Sebastian Herler scite author profile

N,N',N'-[Tris(trimethylsilyl)]hydrazino-diphenylphosphane, (TMS)2 N-(TMS)N-PPh2 (1), and N,N',N'-[tris(trimethylsilyl)]hydrazino-phenyl(chloro)phosphane, (TMS)2 N-(TMS)N-P(Cl)Ph2 (2), were obtained in the reaction of bis-[lithium-tris(trimethylsilyl)hydrazide] with Ph(n)PCl(3 - n) (n = 1, 2). The structure and bonding of both species are discussed on the basis of experimentally observed (X-ray, Raman, NMR, and MS) and theoretically obtained data (B3LYP/6-31G(d,p), NBO analysis).
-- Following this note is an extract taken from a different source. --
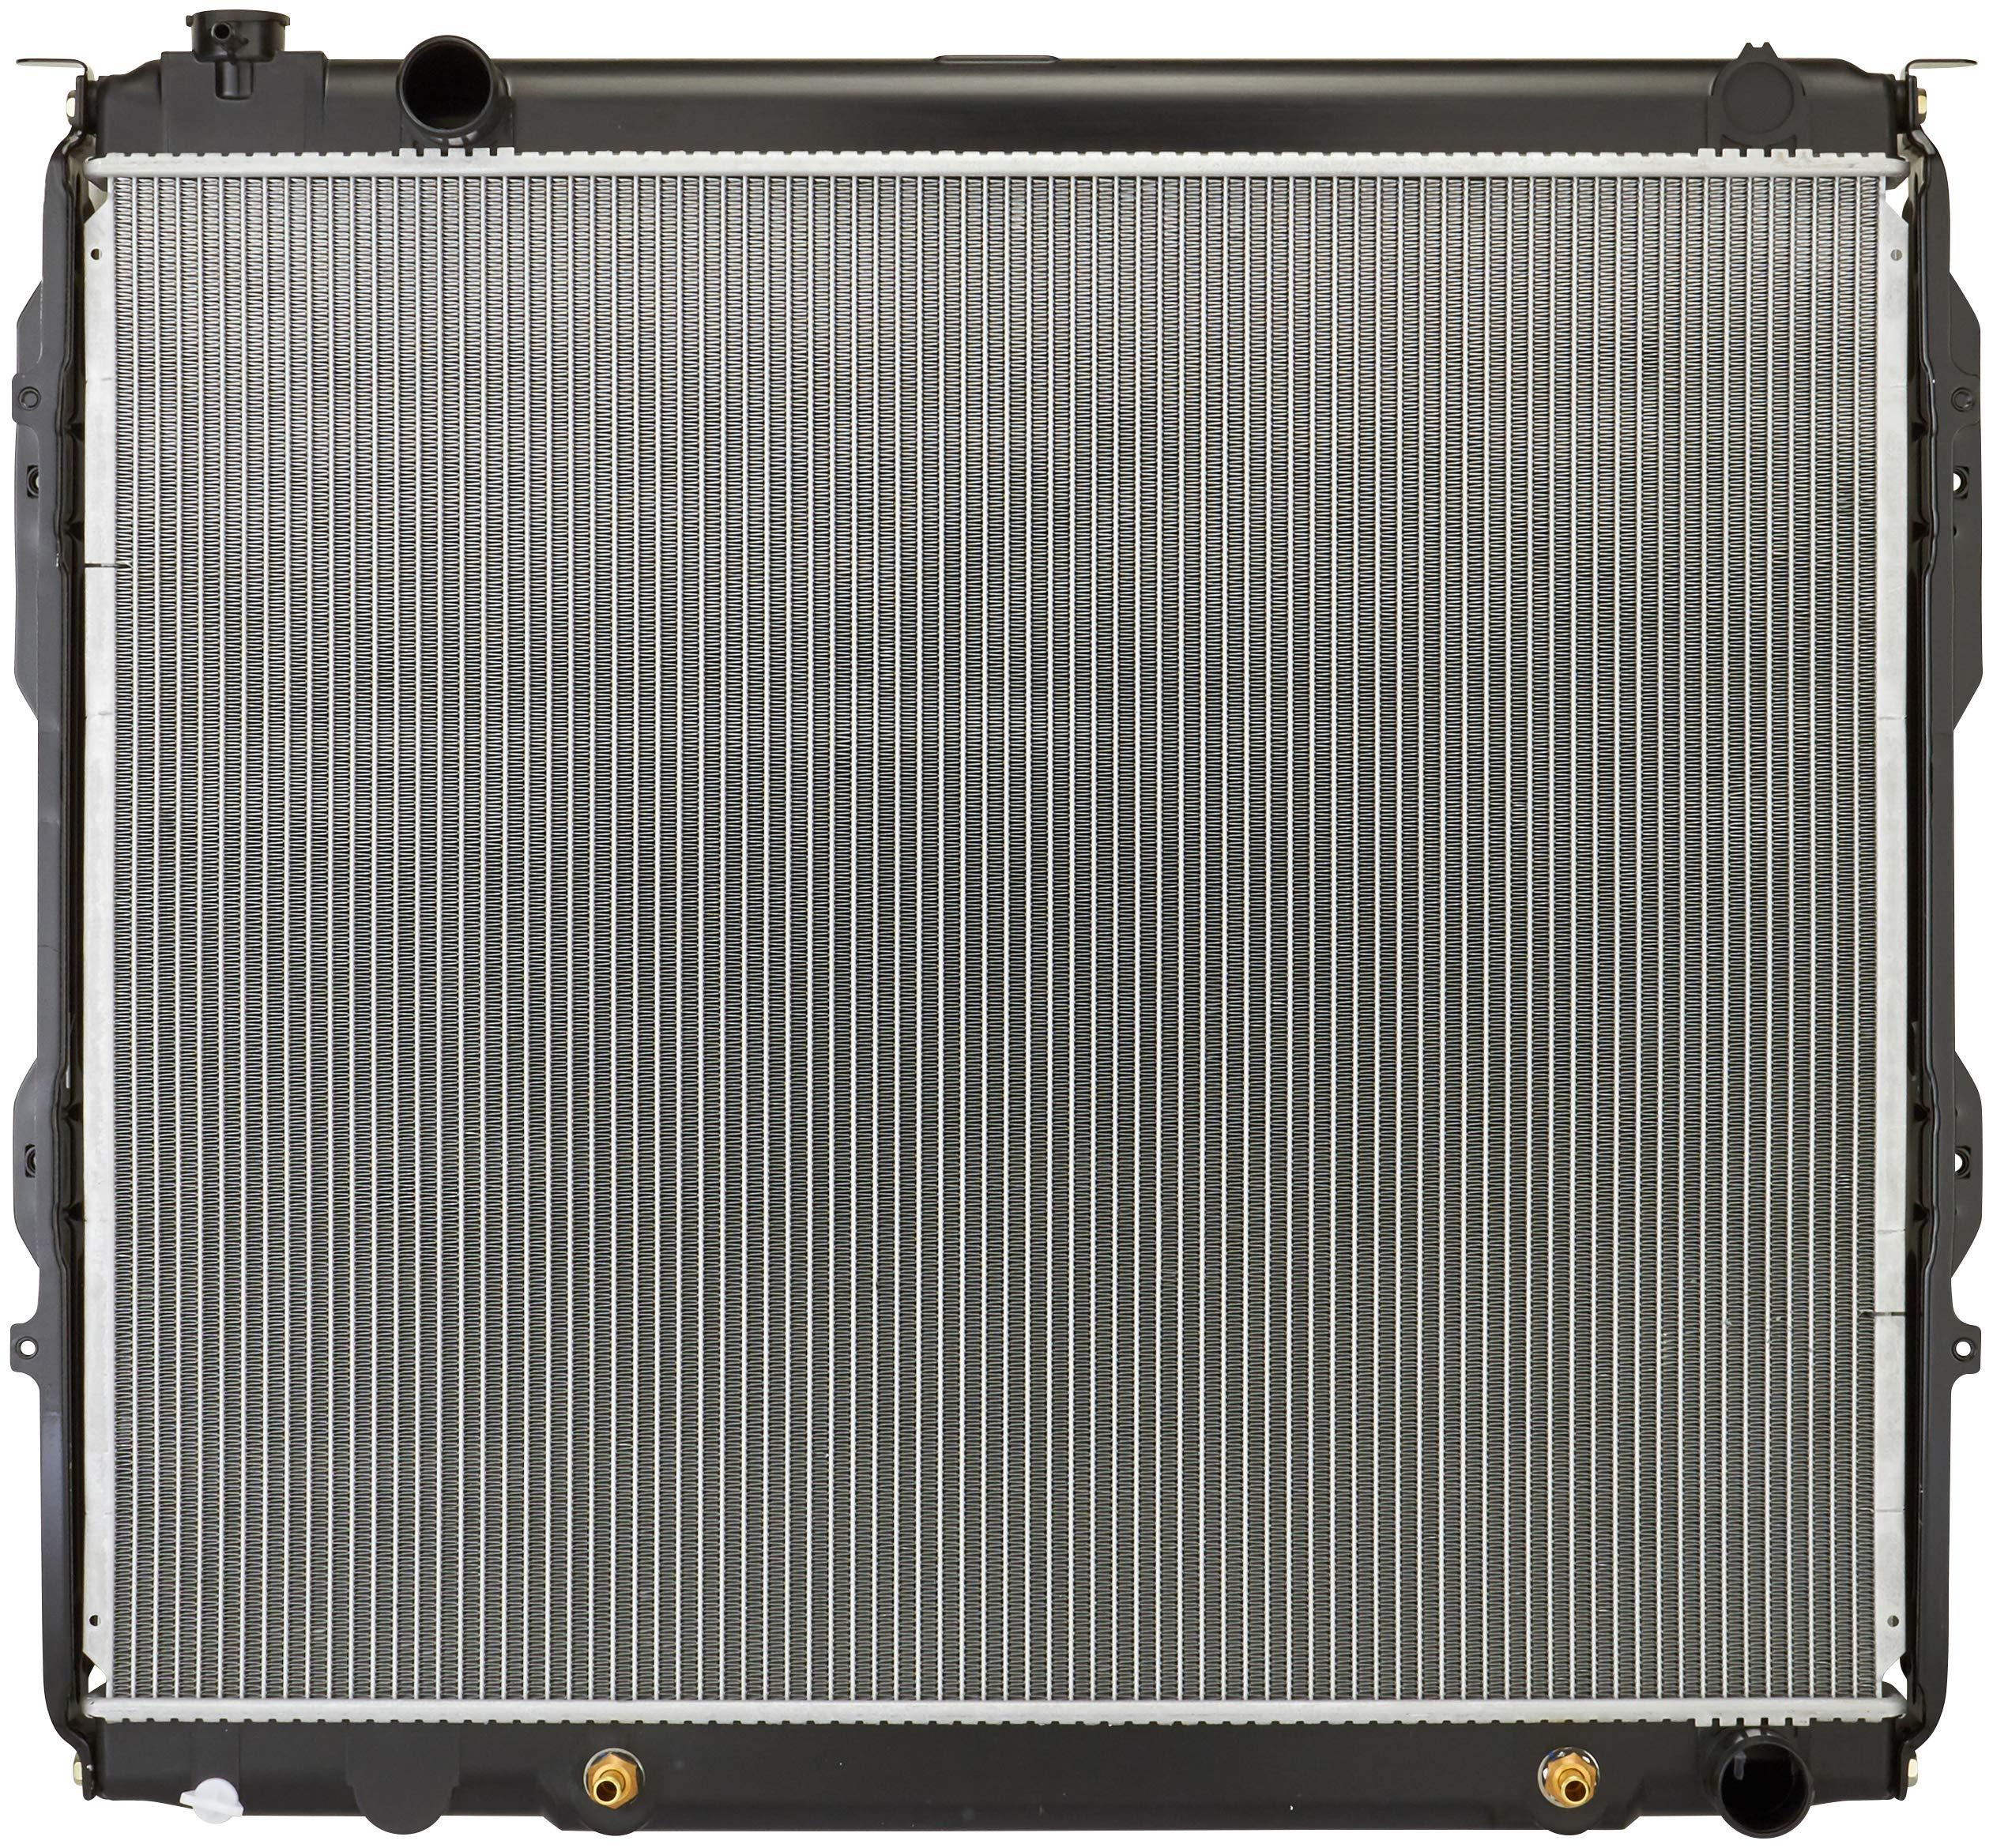 Spectra Premium CU2376 Complete Radiator for Toyota Sequoia and Tundra

Oxidation with sulfur and selenium results in the formation of (TMS)2 N-(TMS)N-P(S)Ph2 (4), (TMS)2 N-(TMS)N-P(Se)Ph2 (5), (TMS)2 N-(TMS)N-P(S)Ph(Cl) (6), and (TMS)2 N-(TMS)N-P(Se)Ph(Cl) (7). Moreover, the thermal decomposition of N,N',N'-[tris(trimethylsilyl)]hydrazine-dichlorophosphane, (TMS)2 N-(TMS)N-PCl2 (3) and the reaction with magnesium have been investigated. The formation and molecular structure of the novel MgCl2(THF)2 x 2Mg[(TMS)NP(O)2 N(TMS)2](THF) (8) salt containing the hitherto unknown (TMS)NP(O)2 N(TMS)2(2-) anion are discussed. DFT calculations (B3LYP/6-311+G(3df,2p)//B3LYP/6-31G(d,p)) are used to evaluate the bonding, ground-state structures, and energy landscape for the different isomers of 3: the thermodynamics and kinetics of the successive elimination of chlorotrimethylsilane (TMS-Cl) resulting in the formation of covalent azide analogues such as TMS-PNN or TMS-NNP.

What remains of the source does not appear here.